Dans cette lignée de pensée, Ouvry et Ladwein (2008) ouvrent une autre piste de recherche conciliant l’étude du repérage dans l’espace et celle de l’impact de l’atmosphère du magasin sur le consommateur. Il semble en effet très probable que la connaissance d’un lieu soit liée au plaisir et aux sensations que le consommateur peut ressentir dans le magasin car, s’il n’a pas d’efforts cognitifs à fournir dans ce cas pour se repérer, il peut être beaucoup plus réceptif à l’environnement créé par le distributeur (Schmitt, 2009).
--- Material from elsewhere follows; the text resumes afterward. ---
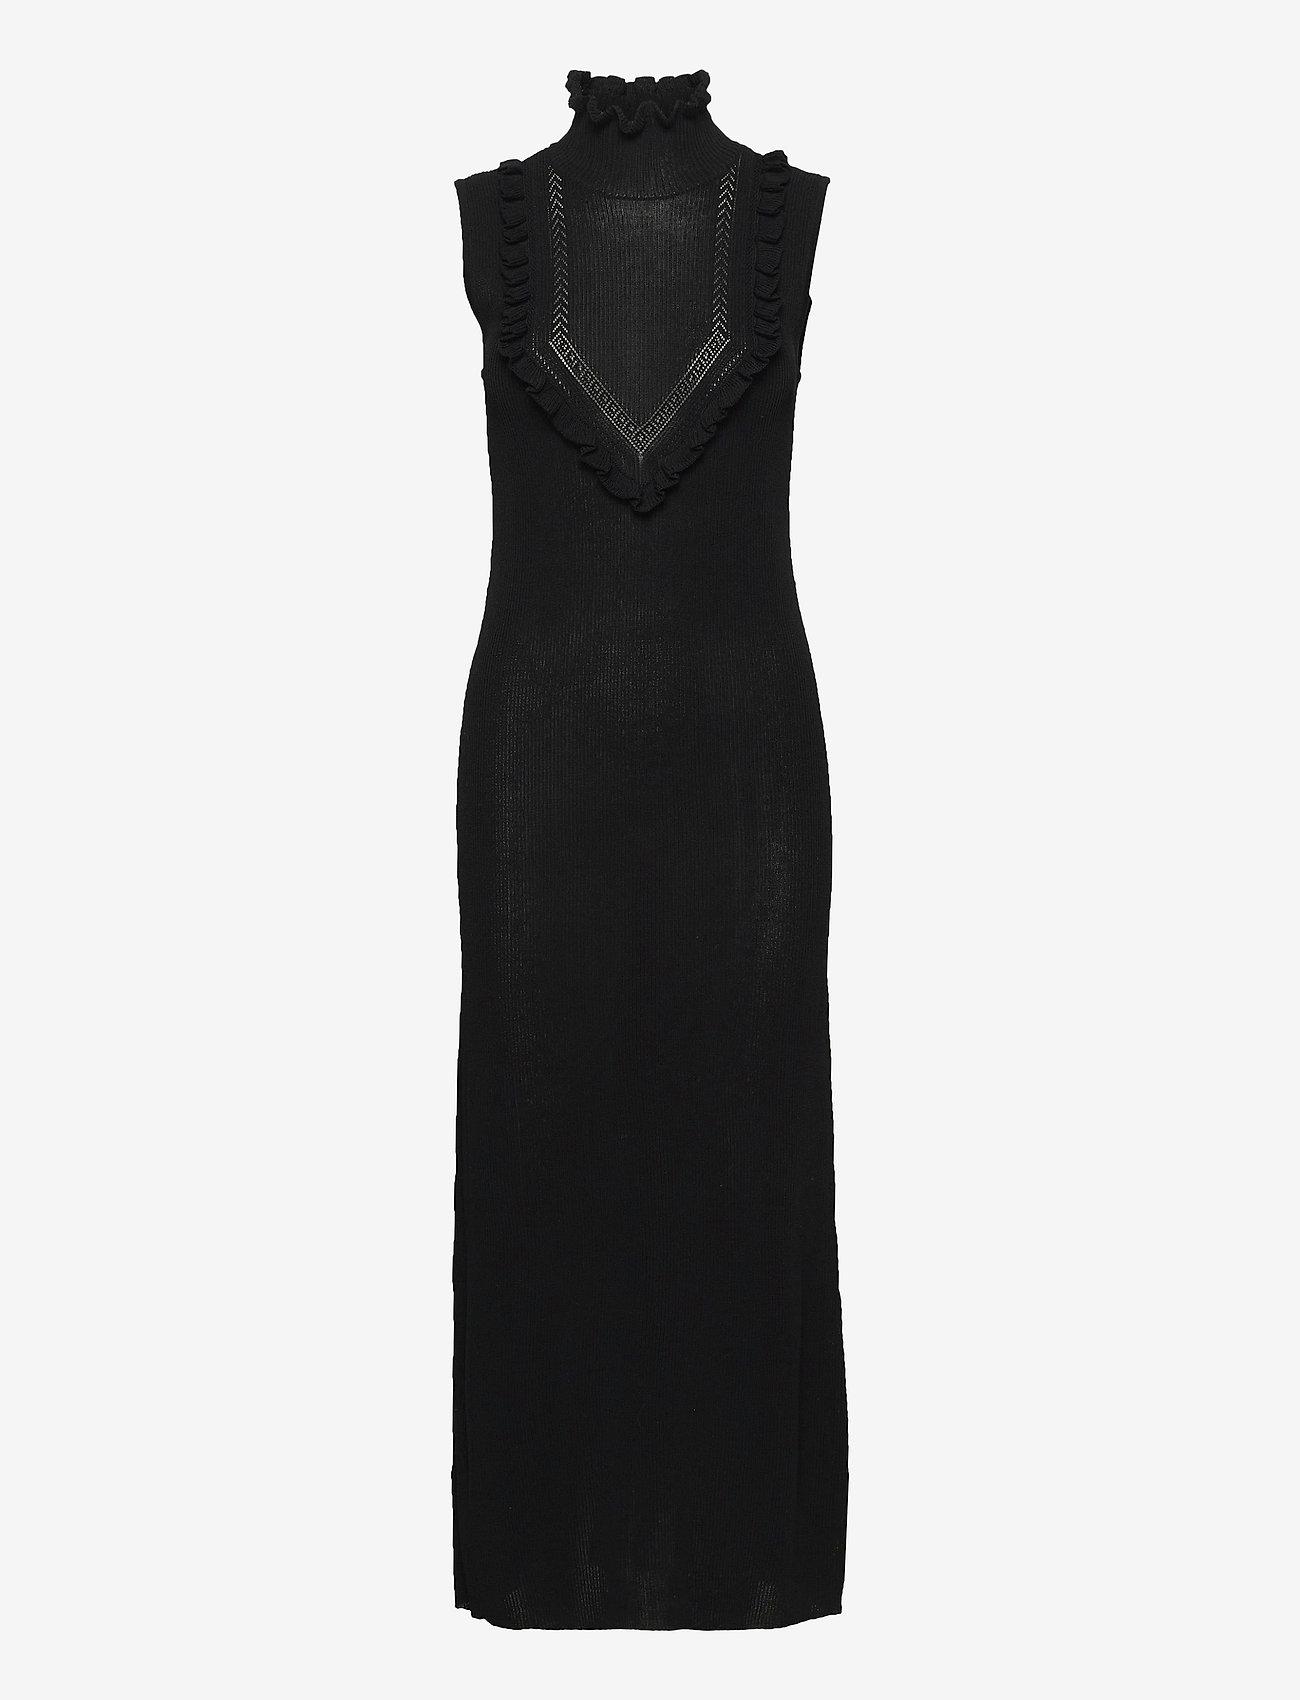 RODEBJER - RODEBJER AILE - stramme kjoler - black - 0

Dans cette perspective, Arnould (2005) a mis en place la « Consumer Culture Theory ». L’idée principale d’Arnould postule que les consommateurs s’engagent dans une activité d’achat afin de réaliser leurs projets. La proposition sous-jacente de cette théorie est que le consommateur ne peut pas être considéré comme passif vis-à-vis de l’offre proposée par les entreprises mais, qu’au contraire, il s’en sert pour réaliser ses propres projets, en utilisant ses ressources culturelles. Selon Arnould et Thompson (2005), il existe autant de moyens de contact dans une logique d’accompagnement au service du consommateur. Les enseignes doivent disposer d’une panoplie de moyens pertinents pour répondre aux sollicitations du consommateur qui mobilise et contrôle lui-même sa navigation dans l’univers commercial et informationnel. Cette façon d’aborder le consommateur représente une rupture radicale avec son approche sous l’angle de la transaction commerciale (choix des marques, réaction post-achat, achat…). La CCT avance que les consommateurs consomment des produits pour leur dimension symbolique, pour le plaisir de consommer, dans un cadre temporel donné, sous la forme d’expériences. Il en résulte qu’il n’est pas possible de comprendre le consommateur sans prendre en compte toutes les dimensions de la consommation idéologique, sociale, culturelle, symbolique, expérientielle (Roederer & Filser, 2015). La CCT a été investiguée en particulier sur les travaux de l’expérience de consommation et du marketing expérientiel (Roederer & Filser, 2015).

Les théories de la carte mentale et de wayfinding ont été élaborées sur le repérage des produits par les consommateurs dans l’espace sous l’angle fonctionnel, sans tenir compte de leurs composantes hédoniques et émotionnelles.